In another particular embodiment, the composition is a liquid composition supported on a fibrous or porous support, said support being the application mean and/or the spreading or wiping mean, for example a wet wipe.

In another particular embodiment, the liquid composition is formed in situ when contacting with the surface being wet, a dry fibrous ou porous support comprising the polymer, said support being the application mean and/or the spreading or wiping mean, for example a dry wipe.

In another particular embodiment, the liquid composition is a non dilutable cleaner, such as a window cleaner or a toilet-bowl cleaner, being applied onto the surface in a neat form, being optionally diluted or further diluted in situ during application step a) or spreading or wiping step b).

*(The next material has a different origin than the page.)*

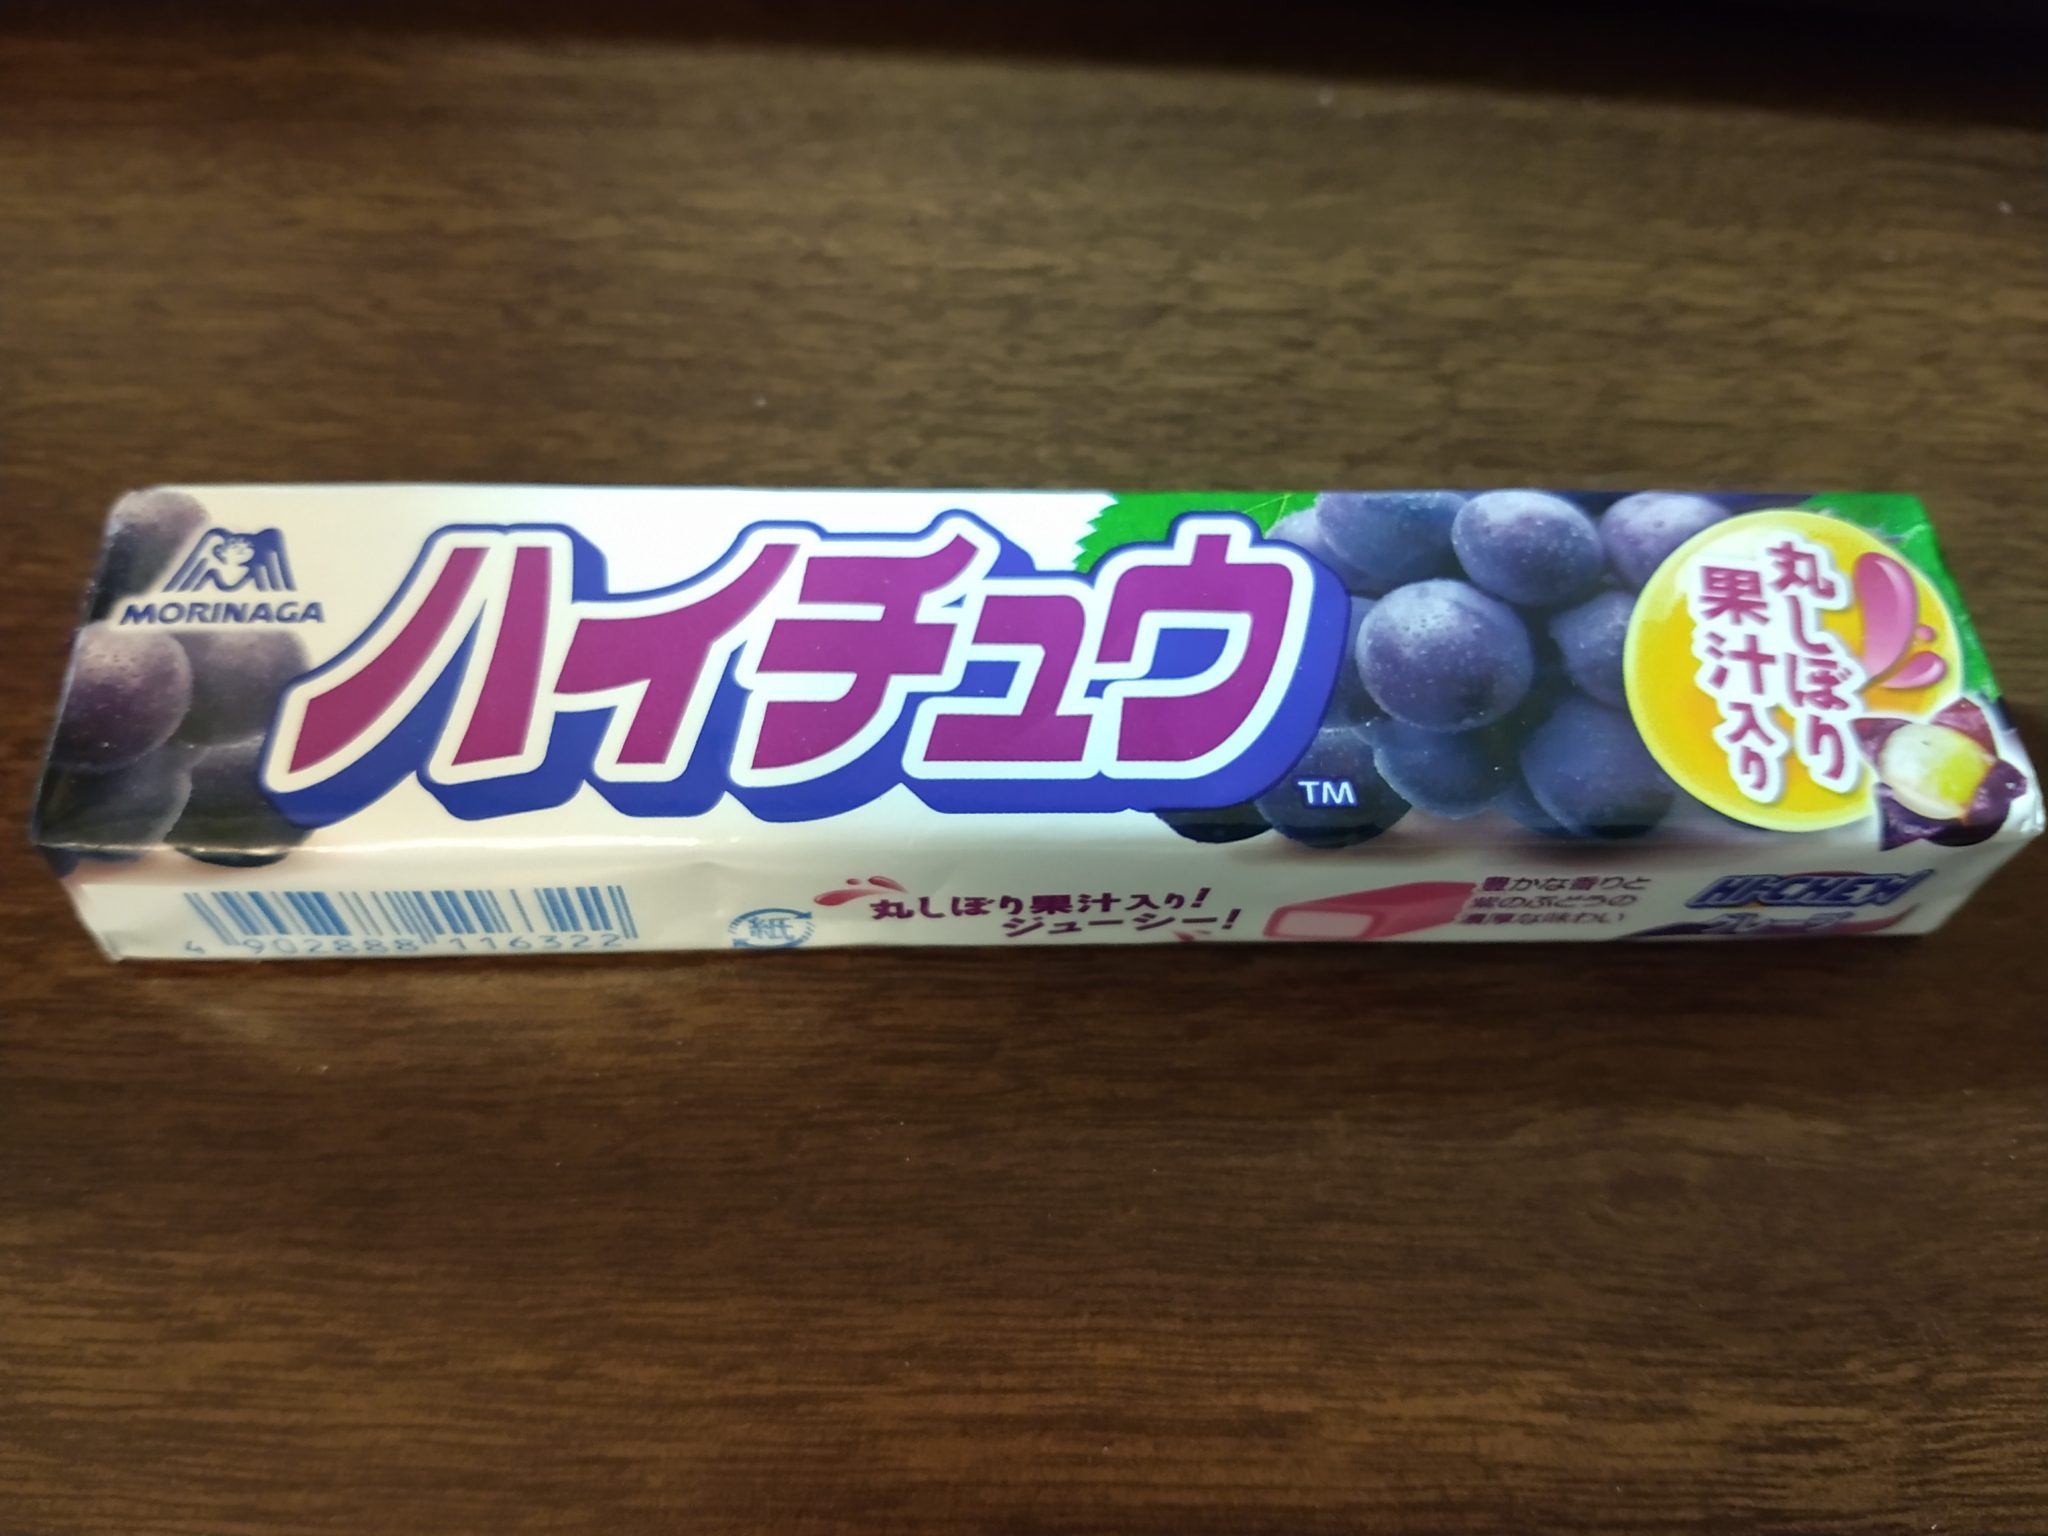 Hi-Chew – Grape

The example below which is not limitative presents some further details or advantages of the invention.

Examples

Standard wipes (viscose) from Eurowipes are impregnated with a kitchen cleaning type formulation.

Kitchen cleaner formulation:

    • Rhodoclean EFC: 1% (Rhodia)
    • Mirataine H2CHA: 0.9% (diamphoacetate surfactant, Rhodia)
    • IPA: 3%
    • Dowanol PNB: 3% (Solvent, Dow Chemical)
    • Mirapol Surf S 200: 3% or 0% (solution comprising an ampholytic polymer, Rhodia)
    • NaOH to adjust pH about 8
    • Water (pure) to 100%

Protocol for impregnation and drying:

Impregnation

Wipes are impregnated in a beaker, with the tested formulation (2 g of solution for 1 g of wipe). Then, they are lightly wrung (no drop) and stored in closed airtight plastic bag in waiting the drying.

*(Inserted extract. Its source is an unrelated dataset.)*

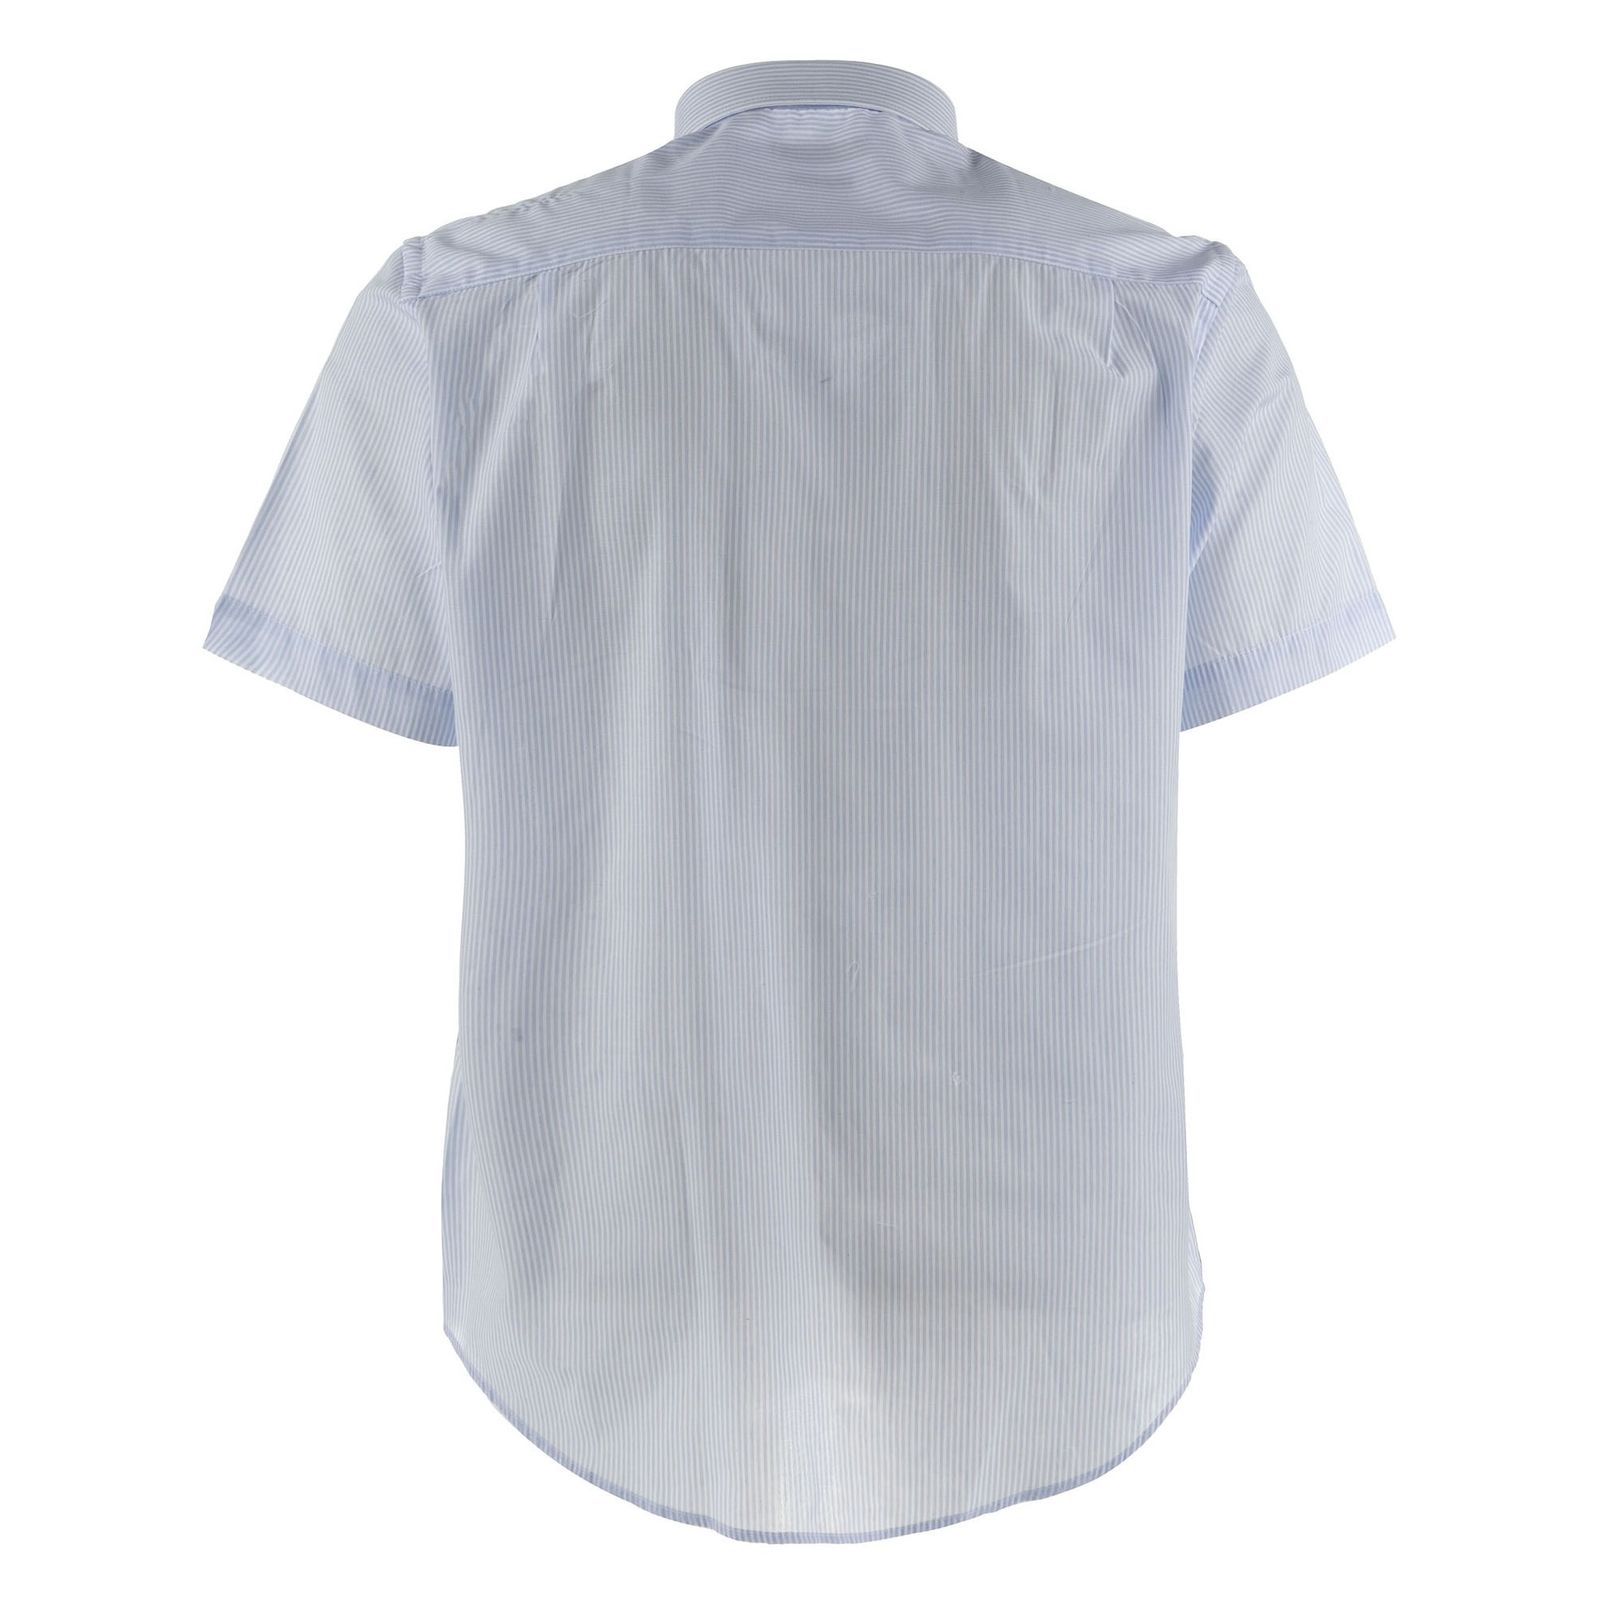 پیراهن آستین کوتاه مردانه - یوپیم - سفيد آبي - 3

Wipes are stored in closed airtight plastic bag directly until application.

Then, performances are evaluated visually:

The surfaces are wiped with the wipe (humid). Surfaces for floor are the “natural floor” Surfaces for kitchen are the white ceramic tile treated with a kitchen soil.

FIG. 1 is a picture after wiping of the wipe impregnated with a comparative composition that does not comprise Mirapol Surf S 200.

FIG. 2 is a picture after wiping of the wipe impregnated with the composition that comprises that Mirapol Surf S 200.

There is a visible “dirt pick up” with the wipes containing the ampholytic polymer.